Namanga is a border town that has taken a long time to grow. Nevertheless, it is an active transit point for big business between Kenya and Tanzania. Heavy trucks ferrying goods from either country are a key feature here.
The town also receives heavy traffic from foreign tourists crossing to the Serengeti in Tanzania or coming to Kenya’s Amboseli or Maasai Mara or heading to Nairobi. It is an ideal rest point and a good place to restock depleted supplies.
Overlooking Namanga and towering over the immigration offices in the picturesque Oi-Doinyo Orok, or Black Mountain. A sacred mountain, it is sacred to the Maasai and a great site to gaze at as you wait for your travelling colleagues to be processed, in case you are travelling as a group.
Open 24 hours, the border post at Namanga supports a thriving business community that is dependent, to a large extent, on tourism, judging by the huge presence of fast-moving consumables and handicrafts. Here, you will come across vendors and shops dealing in fast foods, high energy drinks and snacks, bottled water and the like – just the kind of stuff a traveller needs for the road.
As you take all this in, you immediately grow aware of a sudden influx of Maasai women, clad in their signature Maasai shukas and adorned from head to toe in beautiful multi-coloured jewellery – a blend of the legendary bead and metalwork that is truly a sight to behold.
They have not just emerged out of nowhere for your viewing pleasure – not with babies strapped to their backs – they quickly unleash a collection of elegant Maasai handicrafts which they proceed to dangle in your face as they steal an occasional side glance or two, almost as if they are afraid of something.
Then as suddenly as they arrived, they are soon all gone! You see an immigration officer brandishing a baton hard on their heels and you understand why. The handicraft selling business that happens outside the immigration offices, as travellers process their papers and others take the opportunity to do a bit of souvenir shopping, apparently, is not allowed and sometimes there are epic Tom and Jerry-type battles between the women and the immigration officers.
After a short while, they are back again and the cycle starts all over. Most of these women merchants never went to school but are at ease conversing in basic but refined English, some even in Italian, French and German.

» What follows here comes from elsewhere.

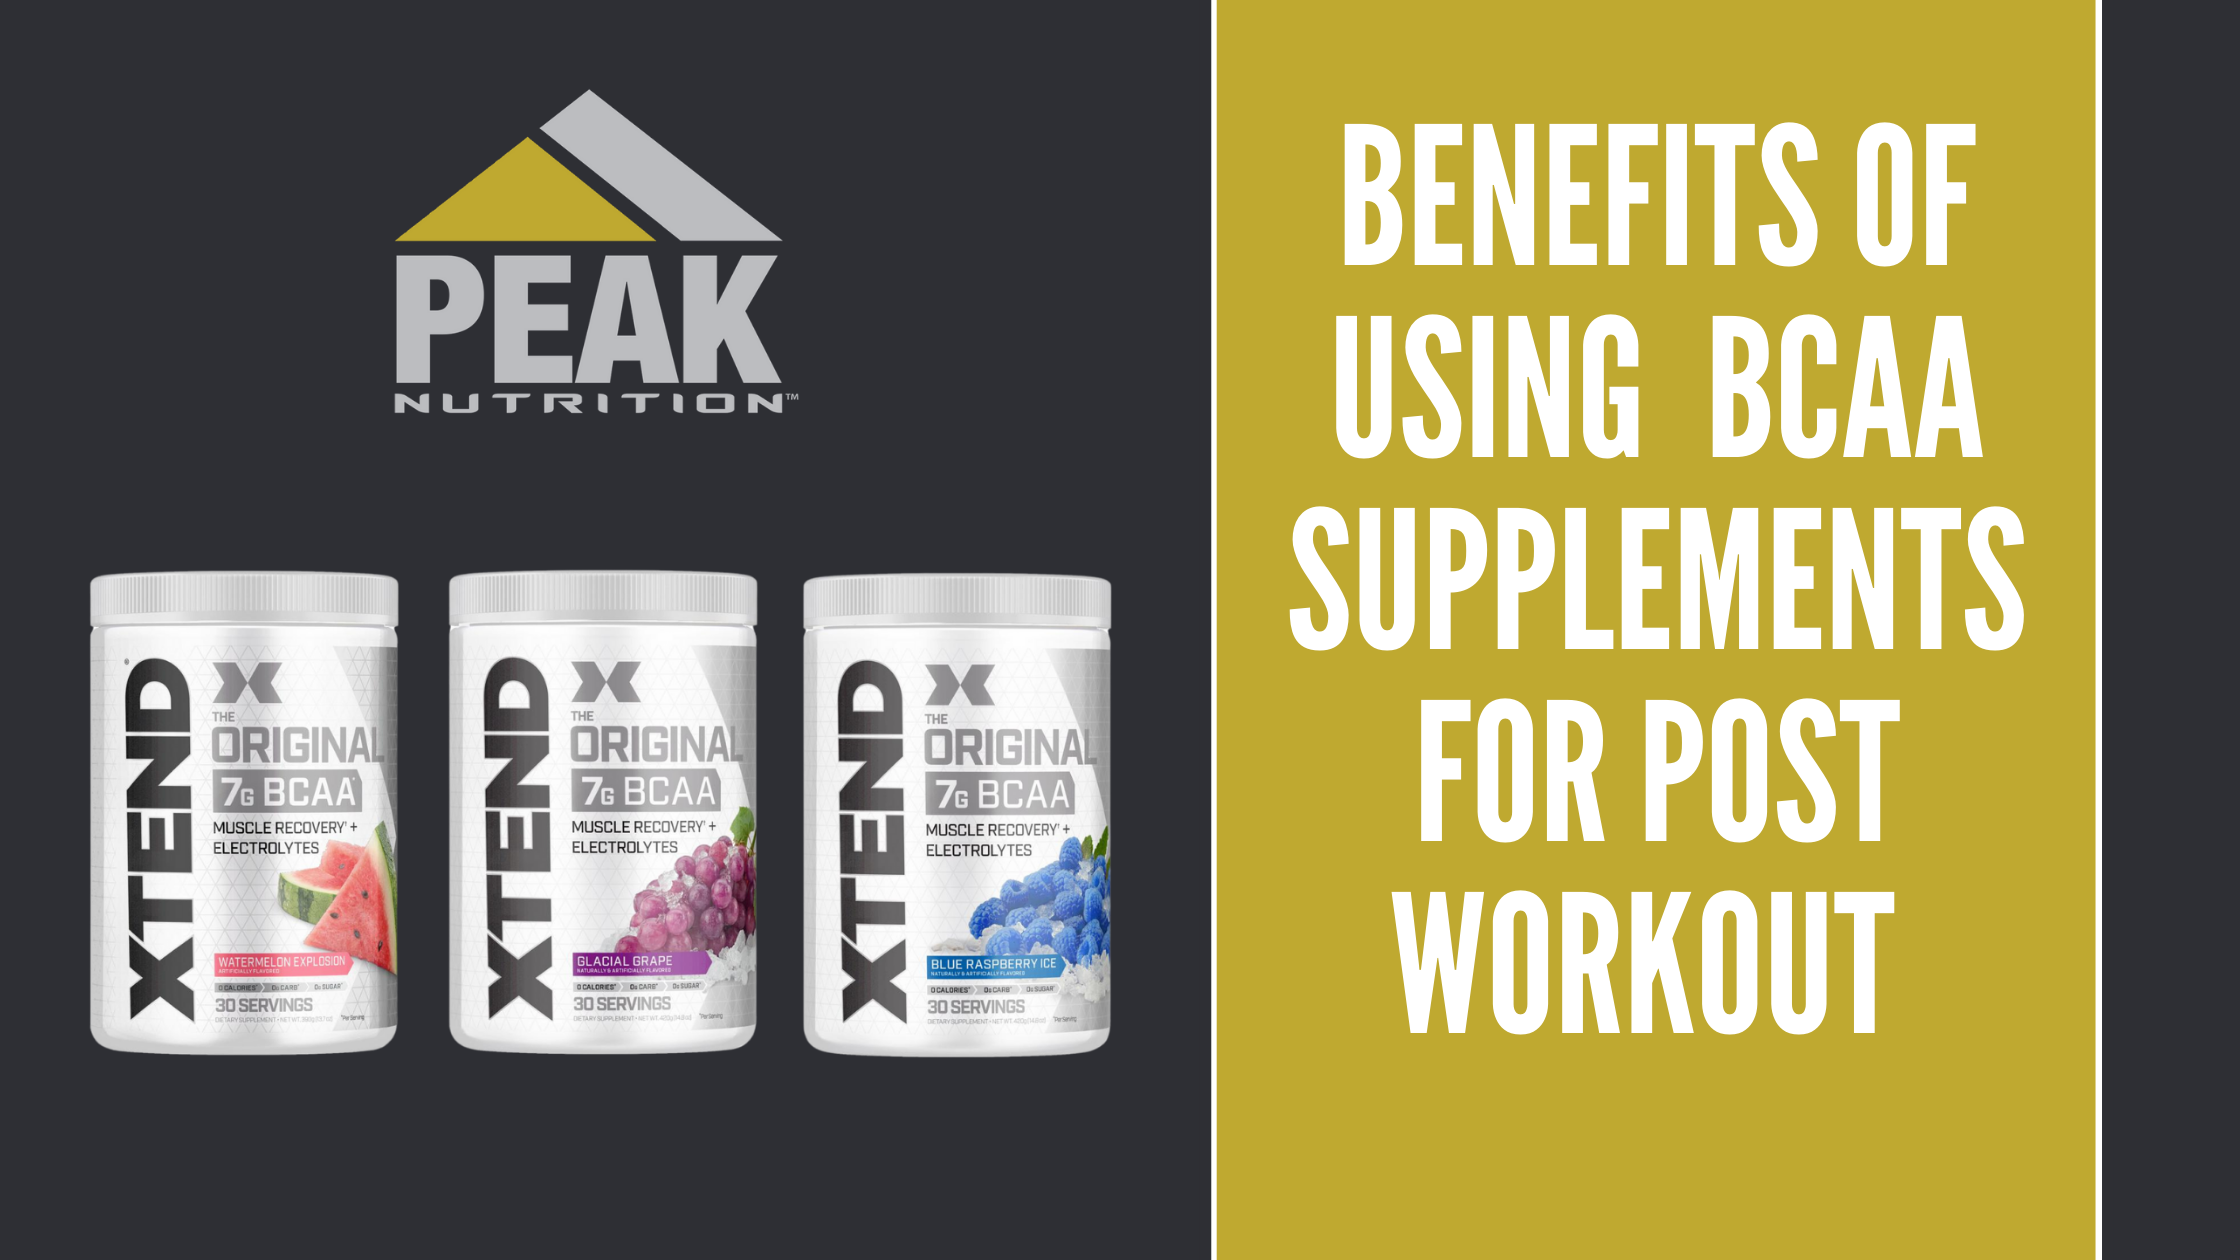 xtend bcaa supplements with peak nutrition logo

They have taken the art of marketing to a new level. A woman may approach you with some nice handicraft and offers it to you for sale. If she realises you are not interested, she then pushes the item to you claiming it is a ‘special gift’ for the day.
Woe unto you if you think you have just won the lottery and you can just walk away because as soon as you accept the offer, the lady leaves and then spends the remainder of the time you are there systematically trailing you from a distance but making sure you notice her until you grow tired and pay her away.
This happened to me once. To cut a long story short, I settled my ‘debt’ but could not help wondering whether I had been a recipient of the most ingenious marketing strategy or the victim of pure unadulterated treachery. Whatever it was, I just hope someone can help them set up something more formal because I think they are amazing and deserve a better chance.
Money changers do roaring business here as well but be careful. Not all are well-intentioned. If you are not sure and have never done this before, you are better off changing your money at the forex bureaus nearby. There is one on the Tanzania side located in the same building where the immigration office is. I have never understood why the Kenyan side does not have a similar facility.